Obstacles on the pathway

    Bob Broad is professor of children and families research
    and director of the children and families research unit, faculty of
    health and life sciences, De Montfort University, Leicester. With a
    long-standing interest in research about care leavers, he was
    previously a social work lecturer at the London School of
    Economics.

    Young care leavers moved up the agenda three years ago when the
    Children (Leaving Care) Act 2000 was implemented. The idea was to
    ring-fence funding to help tackle shortcomings in the way housing
    and social services departments worked together.
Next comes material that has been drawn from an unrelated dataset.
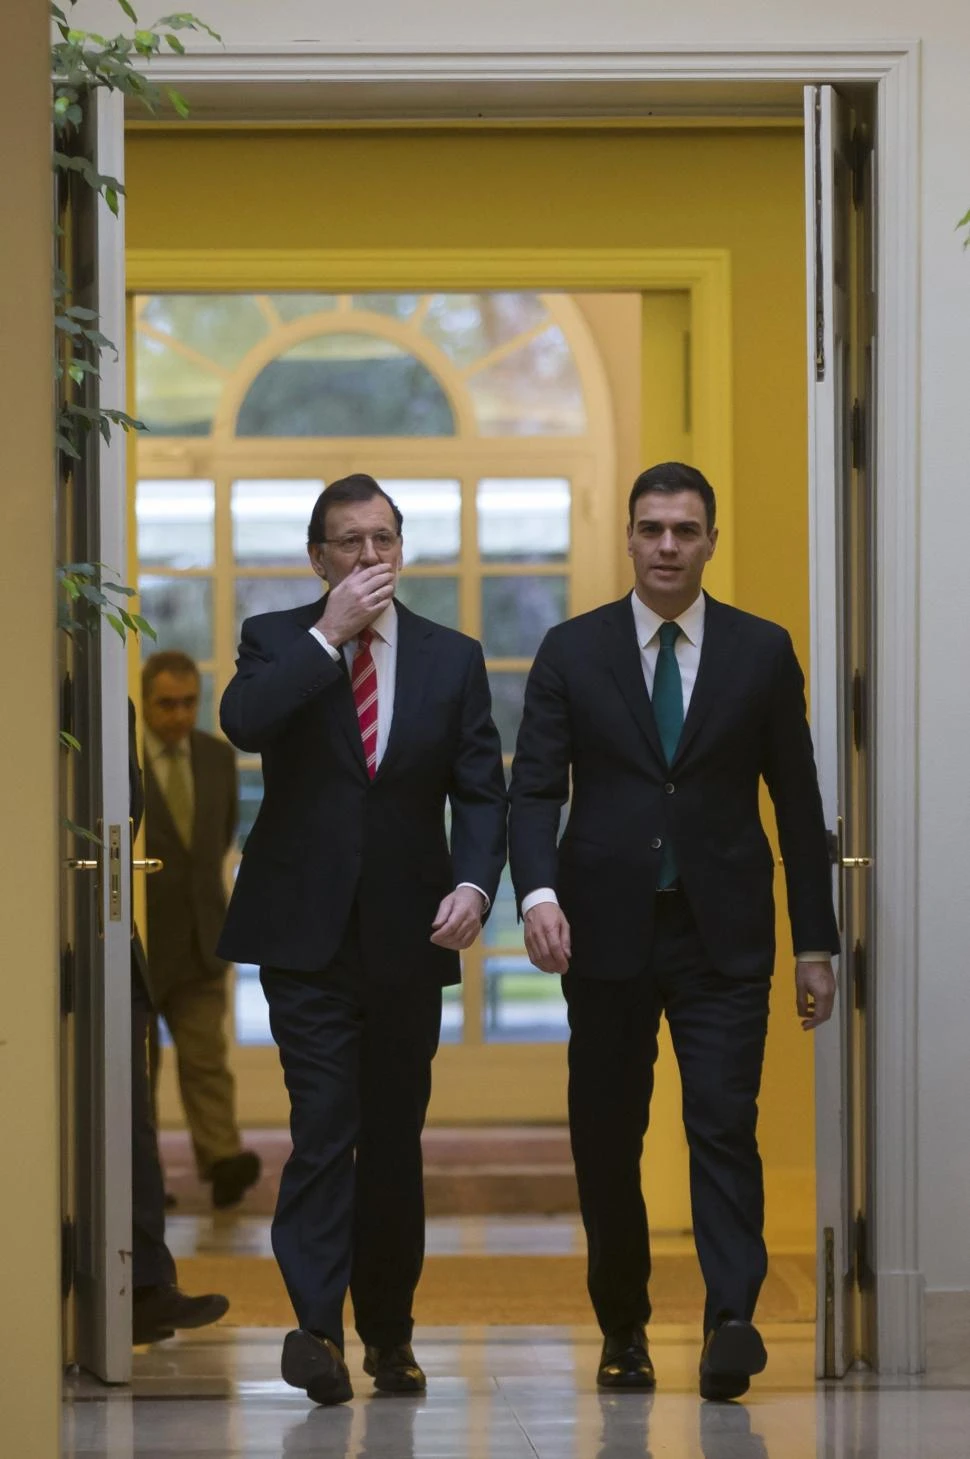 EN FEBRERO. Rajoy y Sánchez compartieron una reunión en el palacio. reuters

At the same time,
    the education, employment and training, health and financial
    support sectors would work jointly to achieve better outcomes for
    young people in care as they entered adult life.

    The act specifies that each young person leaving care will receive
    an assessment, a “pathway plan”, an adviser and contact and
    assistance (including money) from their local authority until they
    are at least 21. The plan includes accommodation.

    To assess the success of the legislation a national research
    questionnaire was sent to 52 leaving care teams, working with 7,000
    care leavers entitled to services under the act.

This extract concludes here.